Tap Run and the analysis starts. The panel is there so an accidentally-tapped Telegram link doesn’t silently spend money. Per-run tuning happens through slash commands (/preset, /lang, /enrich, /window) and is sticky — set once, applies to every subsequent run in the same chat.

Forwarded messages get a richer picker. If you forward a message from a channel, the panel asks what to analyze:

This message / image / caption — just the forwarded content
From this msg in channel — open the source channel from the forwarded message as the start anchor
Channel · day / week / month — pull a time-window of the source channel and summarize

To skip the panel, send /confirm off once. The bot will then run analyses immediately on receipt (the default before this gate was added). /confirm on puts it back.

Slash commands

Command	Effect
`/help`	Show the input list + this command list.
`/ping`	Health check — reply `pong`.
`/settings`	Show current sticky settings (preset, language, enrich, window) + their defaults.
`/preset <name>`	Sticky preset for this chat (e.g. `/preset digest`). Bare `/preset` clears the override. Names match the CLI: `summary`, `tldr`, `digest`, `highlights`, `quotes`, `links`, `action_items`, `decisions`, `questions`, `reactions`, `video`, `website`.
`/lang <code>`	Sticky report language (e.g. `/lang en`, `/lang ru`). Bare clears.
`/enrich <list\|all\|none>`	Sticky extra enrichments for Telegram chat analyses. `/enrich image,link` turns those two on; `/enrich all` enables every kind; `/enrich none` strips even the defaults.
`/window <day\|week\|month\|msg\|from_msg\|none>`	Sticky default time window for TG-chat analyses.
`/confirm on\|off`	Toggle the pre-run confirm panel (default: on).
`/upload_session`	Install your Telegram user session (one-time). The bot waits for you to send `~/.unread/storage/session.sqlite` as a Telegram document.
`/cancel`	Drop any pending `/upload_session` state.
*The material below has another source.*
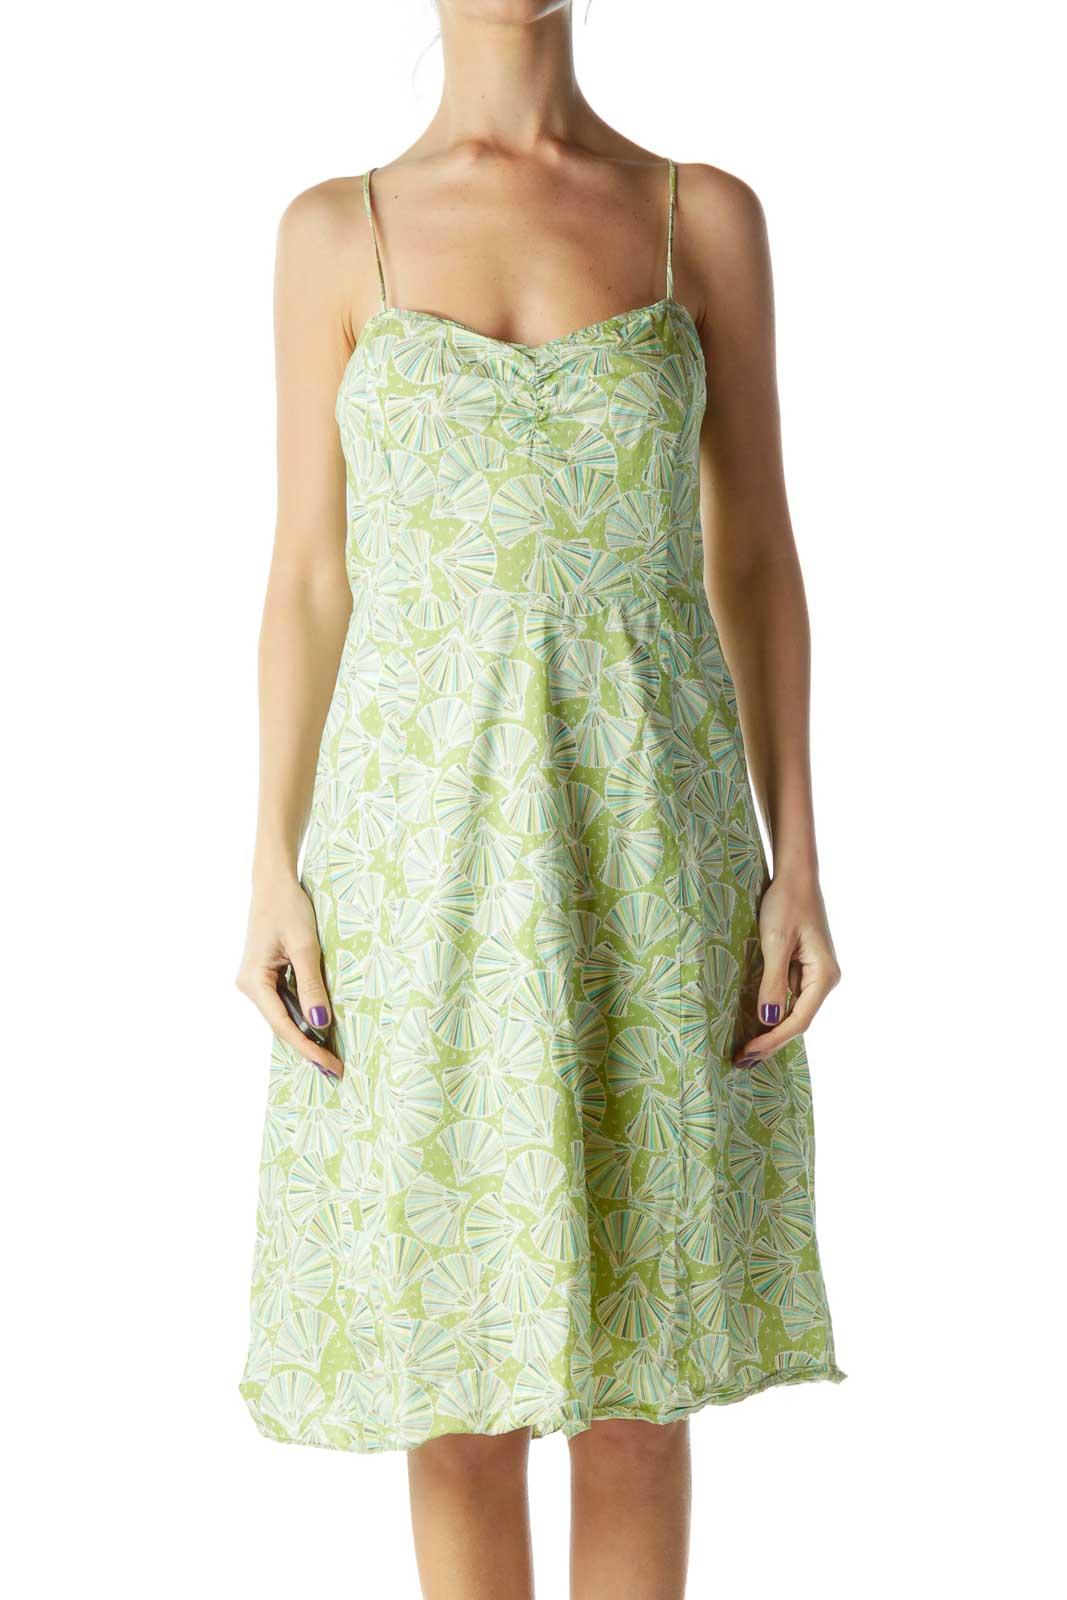 Green Fan Print Spaghetti Strap A-Line Dress

Sticky settings live in-memory per chat (BotApp._chat_state) and reset on bot restart by design — there’s nothing about a single user worth persisting separately.

Single-user mode

The bot answers exactly one Telegram ID:

At startup, the bot probes ~/.unread/storage/session.sqlite (the user session). If an authorized session is there, its owner’s ID becomes the allowlist. Otherwise the bot falls back to UNREAD_BOT_OWNER_ID from the env, if set.
If neither is set, the bot refuses to start handling events — there’s no safe allowlist.
After a successful /upload_session, the owner ID is re-derived from the just-installed session.
Every event is filtered by Telethon’s from_users= AND a defense-in-depth sender_id check inside the handler. Anything else is silently dropped — no acknowledgement, no log noise to the sender.
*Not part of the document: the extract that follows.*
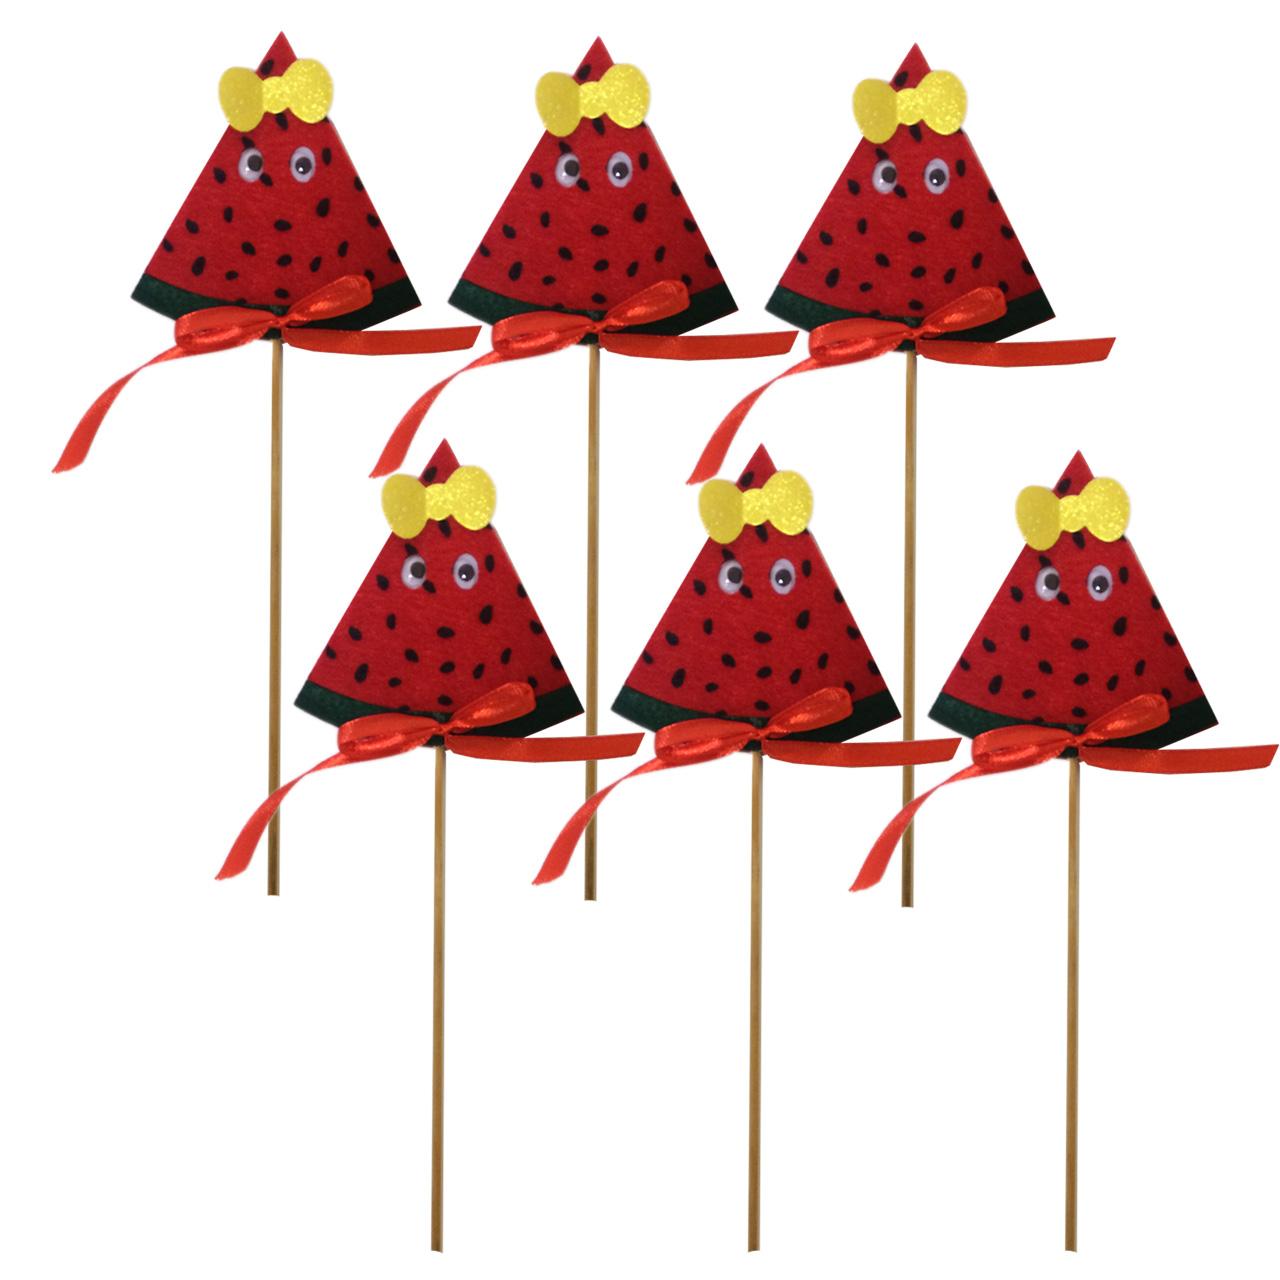 عکس تاپر هندوانه شب یلدا مدل Yalda Watermelon مجموعه 6عددی

/upload_session is gated by the bootstrap allowlist so a fresh deploy with UNREAD_BOT_OWNER_ID set (but no session yet) lets only you upload the session; nobody else can install themselves as the bot’s owner.

Privacy & data flow

The bot machine holds the same ~/.unread/ directory the CLI would: SQLite cache, generated reports, your API keys, your Telegram user session (after /upload_session). API calls go to your chosen provider (OpenAI, Anthropic, Gemini, OpenRouter, or a local OpenAI-compatible endpoint). The only network endpoints are Telegram servers, your AI provider, and any URLs you point the bot at.

If you self-host on a VM, treat the disk like the CLI’s disk: snapshot ~/.unread/storage/, encrypt at rest, restrict access. See security.md for the credential-storage options (keystore, passphrase-derived pass) the CLI also supports — they all work for the bot.

Running it

Locally (foreground, useful for first-time setup and testing):

cp .env.bot.example .env.bot
# Edit .env.bot — at minimum:
#   UNREAD_BOT_TOKEN=...            (from @BotFather)
#   UNREAD_BOT_OWNER_ID=...         (your Telegram numeric ID; optional if a session is already mounted)
#   OPENAI_API_KEY=...              (or whichever provider you configured)
unread bot run

On a server with docker-compose:

docker compose -f docker-compose.bot.yml --env-file .env.bot up -d --build

On a Linux VM, pulling a prebuilt image from GHCR — the zero-source-checkout flow with scripts/deploy-bot.sh and docker-compose.bot.prod.yml — see bot-vm-deploy.md for the full recipe.